-- Work item --
Print all the data that follows exactly, images excluded.

-- The data --
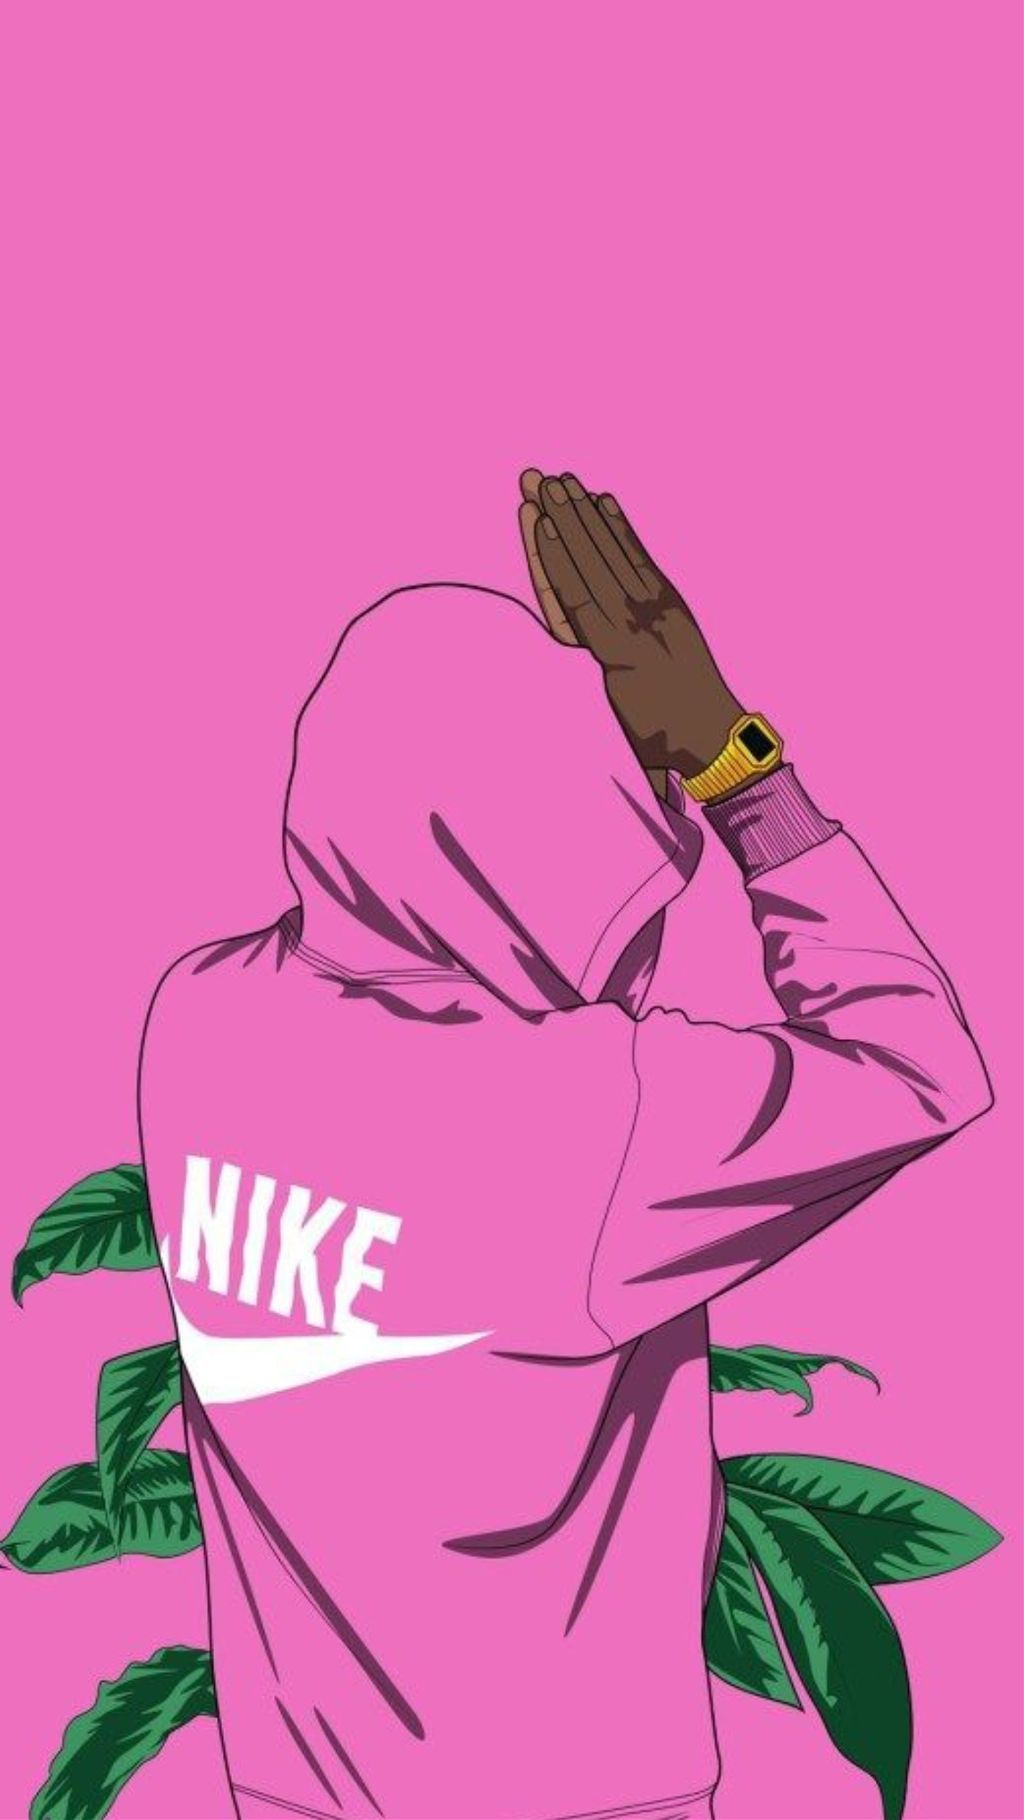 Pink Nike: Màu hồng luôn khiến chúng ta cảm thấy nhẹ nhàng và nữ tính. Với những mẫu giày, quần áo và phụ kiện Nike màu hồng, bạn sẽ tỏa sáng và toả sáng như một ngôi sao thực sự. Hãy xem hình ảnh liên quan để đắm mình trong màu hồng tuyệt đẹp của Nike.
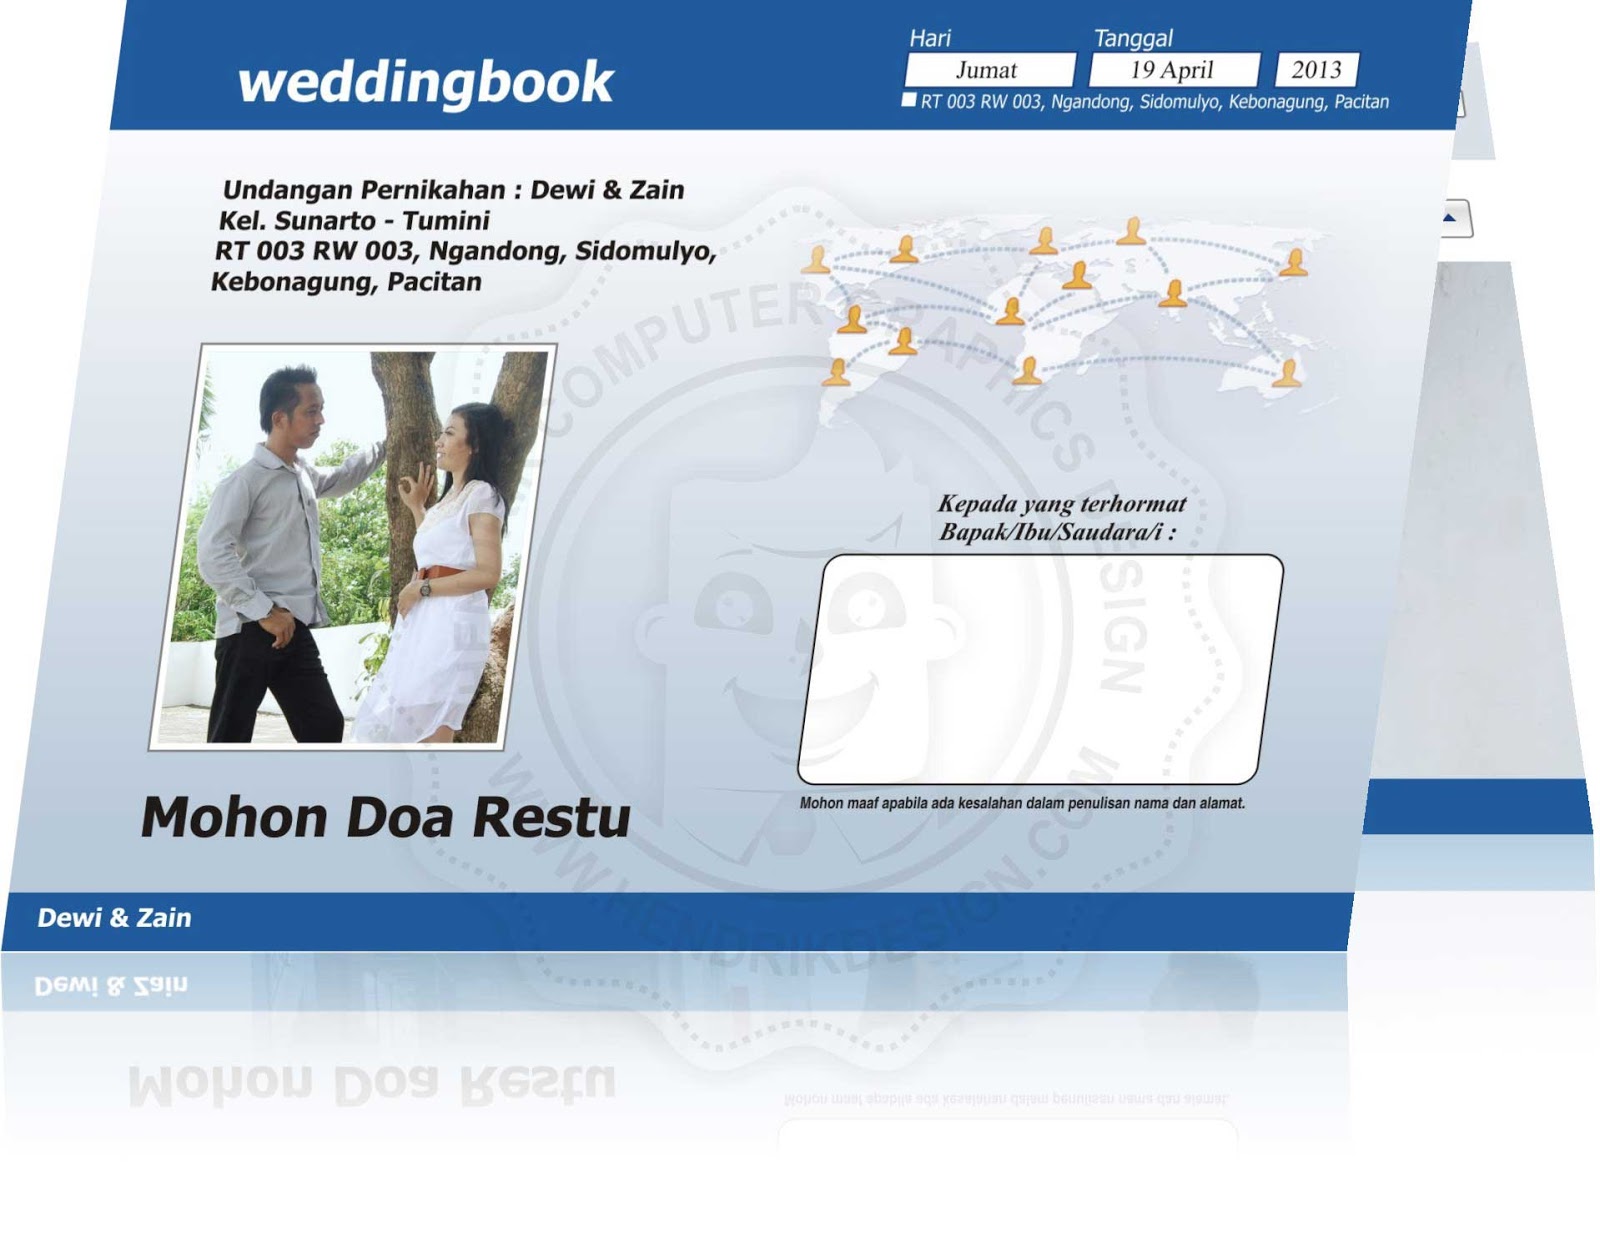 Contoh Undangan Pernikahan Model Facebook Hcgd 09 
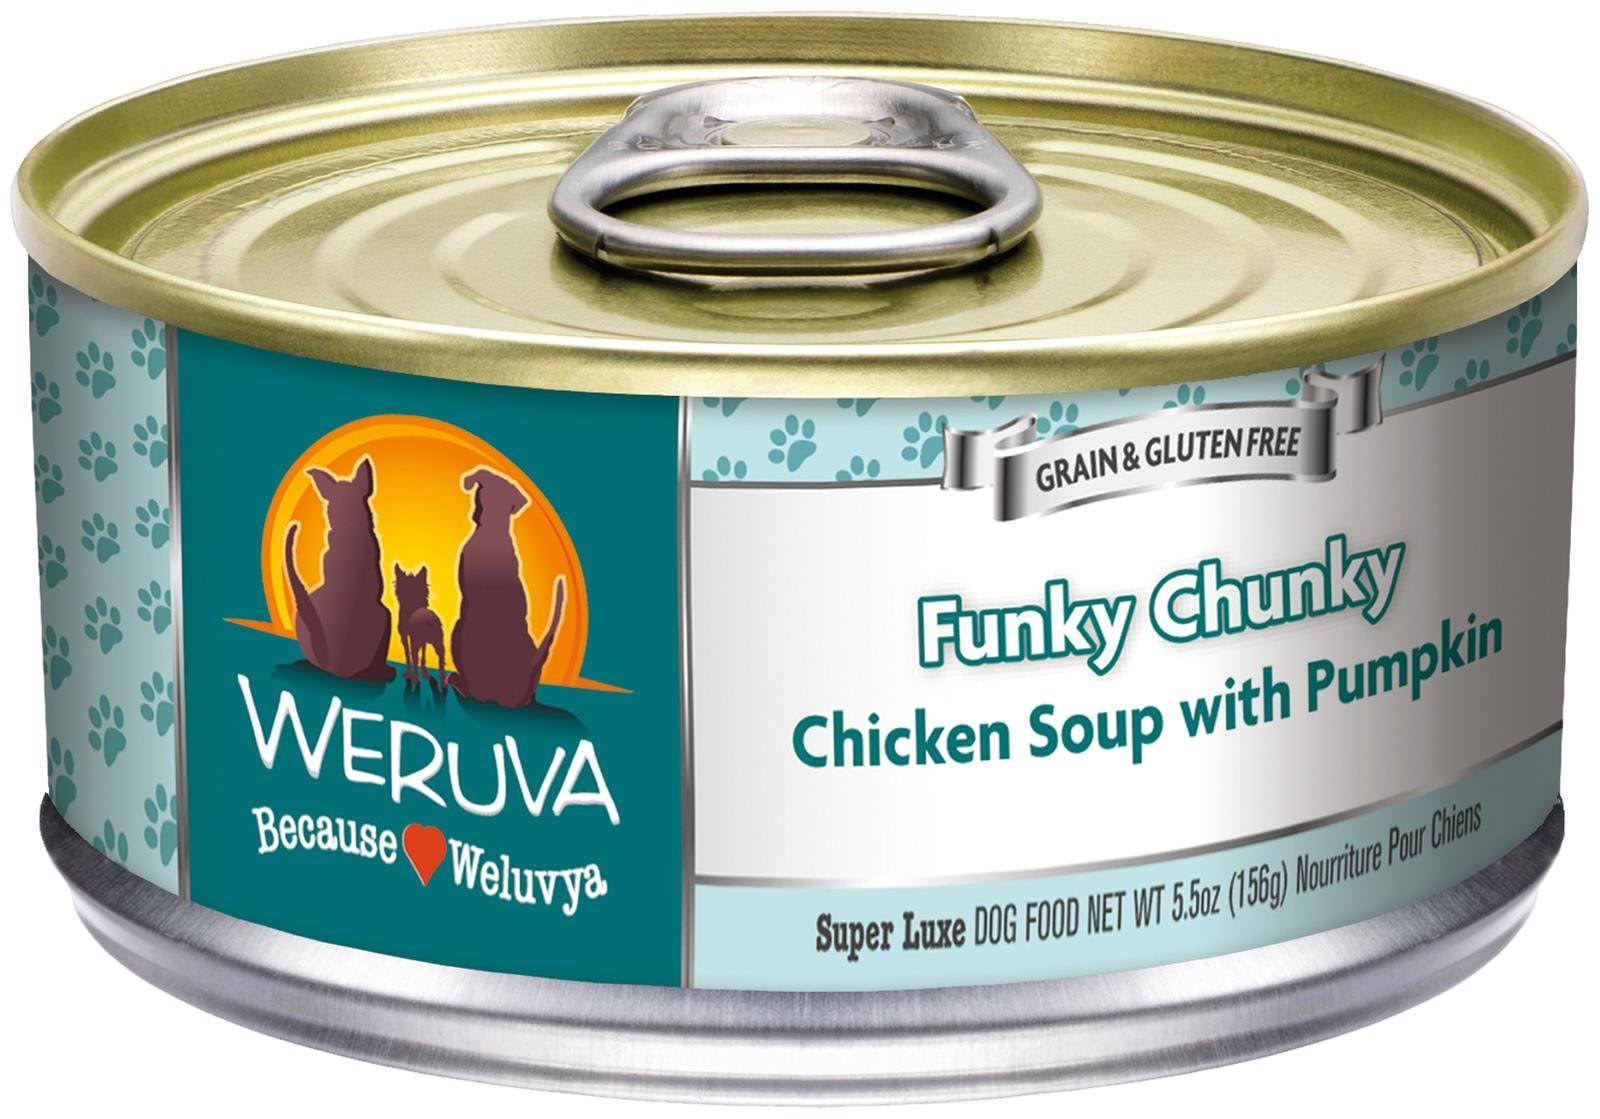 Weruva Funky Chunky Dog Food - Chicken Soup, 5.5oz, 24pk

-- Response --
 Pink Nike: Màu hồng luôn khiến chúng ta cảm thấy nhẹ nhàng và nữ tính. Với những mẫu giày, quần áo và phụ kiện Nike màu hồng, bạn sẽ tỏa sáng và toả sáng như một ngôi sao thực sự. Hãy xem hình ảnh liên quan để đắm mình trong màu hồng tuyệt đẹp của Nike.
 Contoh Undangan Pernikahan Model Facebook Hcgd 09 
 Weruva Funky Chunky Dog Food - Chicken Soup, 5.5oz, 24pk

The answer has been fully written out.